Я говорю, что без документов я никуда не поеду. А если меня куда-либо хотят отправить без документов, то лучше в Россию.
— В Россию мы тебя не отправим.
— Тогда оставьте меня здесь.
— Здесь тебя оставлять нельзя, нам не нужны такие бандиты, как ты.
— Тогда дайте мне документы и визу, я поеду куда угодно.
— Мы отправим тебя в Чехословакию. Хочешь?
— Если с документами, то поеду. А кто меня примет без документов?
— Ты поедешь в Чехословакию и больше нечего говорить. Но смотри, если вернешься в Румынию, то тебя здесь не примут…
Меня везут в Чехословакию. В ночь на 24 июня 1930 года я перешел границу, два дня блудил в горах, потом вышел на дорогу.
Прихожу в г. Рахов и являюсь в полицию. Заявляю, что меня выбросили из Румынии за подозрение в организации страйка, и прошу, чтобы меня отправили к русскому послу, что я был эмигрантом и жил в Румынии 10 лет. Меня отправляют на польскую границу и выбрасывают в Польшу. Еще в Чехословакии в жандармерии я рассмотрел карту и заметил, что там недалеко до русской границы. Решил пойти в том направлений пешком, но километров за сорок от границы меня задержали в Тлусту жандармы, затем отправили в Тернополь…

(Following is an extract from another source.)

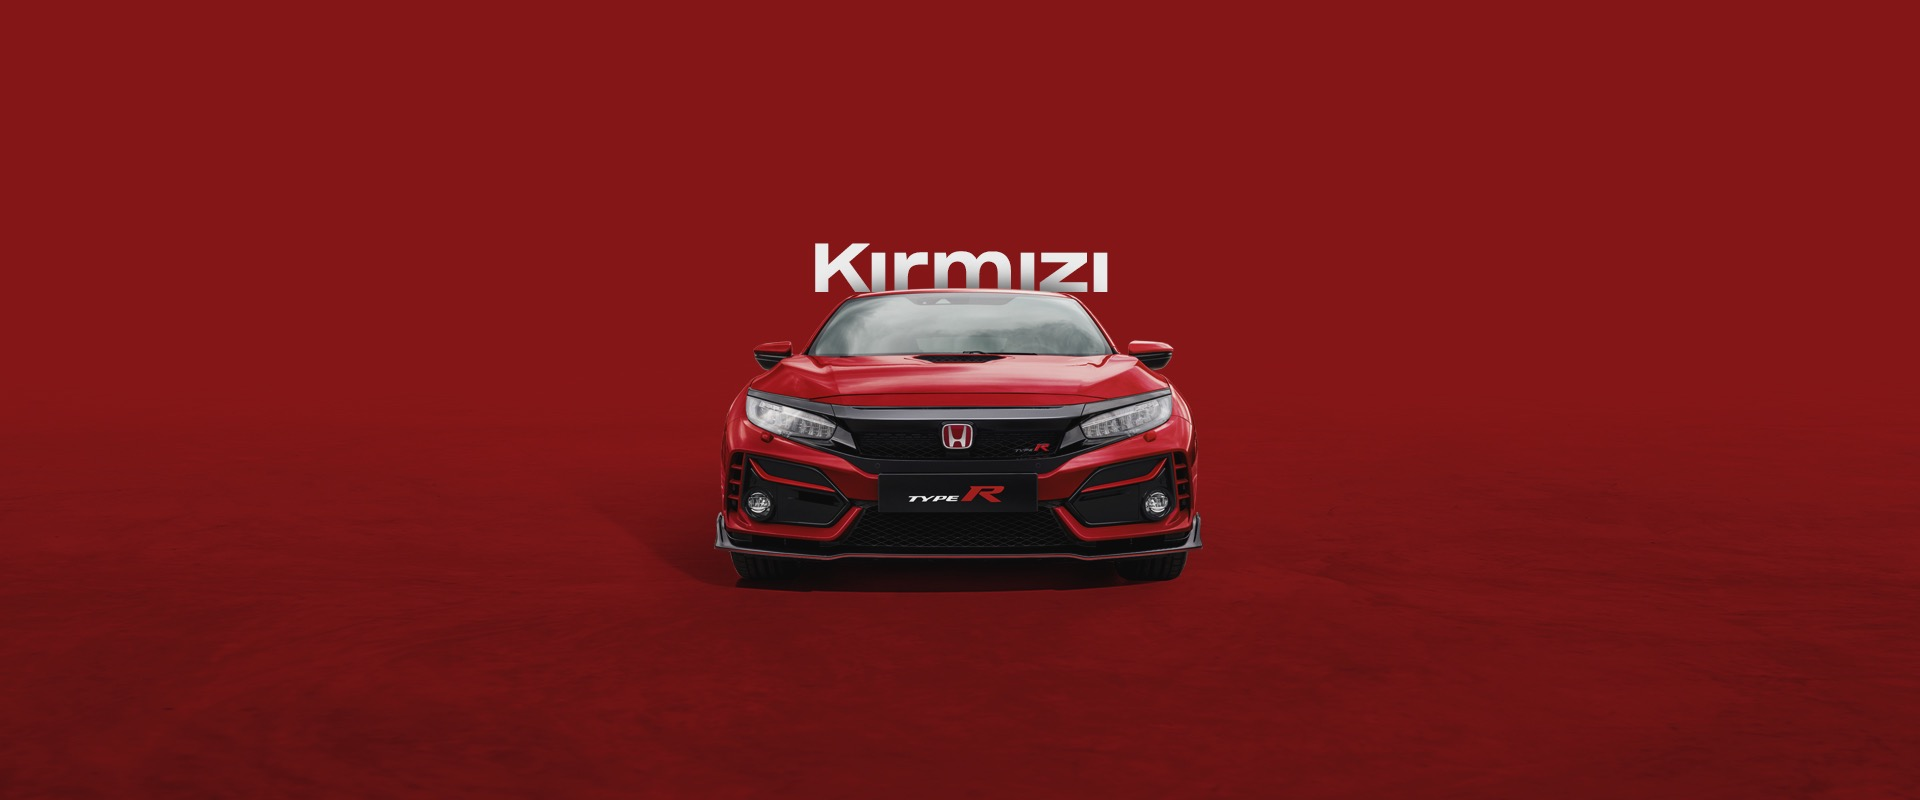 Honda Plaza  Şen Kırmızı

Суд меня приговаривает за переход границы к одному месяцу тюремного заключения. Сижу в тюрьме в Тернополе. После отбытия наказания меня опять отправляют в Румынию. Румыния меня не принимает и отправляет назад в Польшу… Меня держат в полиции 5 дней. Я прошусь к губернатору и говорю, что если они меня не отправят в Россию или не дадут никаких документов в тот же день и не освободят, то я объявляю голодовку и никуда не поеду, покуда не придет ответ от Лиги Наций, куда я буду писать жалобу. Не знаю, помогло это или что-то другое, но меня на следующий день отправляют в Борщов, а оттуда — на границу в комендатуру пограничного отряда. Это было поздно вечером, часов в десять. Приходят два офицера. Во дворе темно, поэтому их лица не могу рассмотреть. Один спрашивает меня:
— Что с тобой?
Я говорю, что меня хотят отправить в Россию.
— А ты что, большевик?
— Нет, не большевик.
— А чего же ты хочешь идти в Россию?
— Потому что мое положение такое, что нужно идти туда, куда ведут.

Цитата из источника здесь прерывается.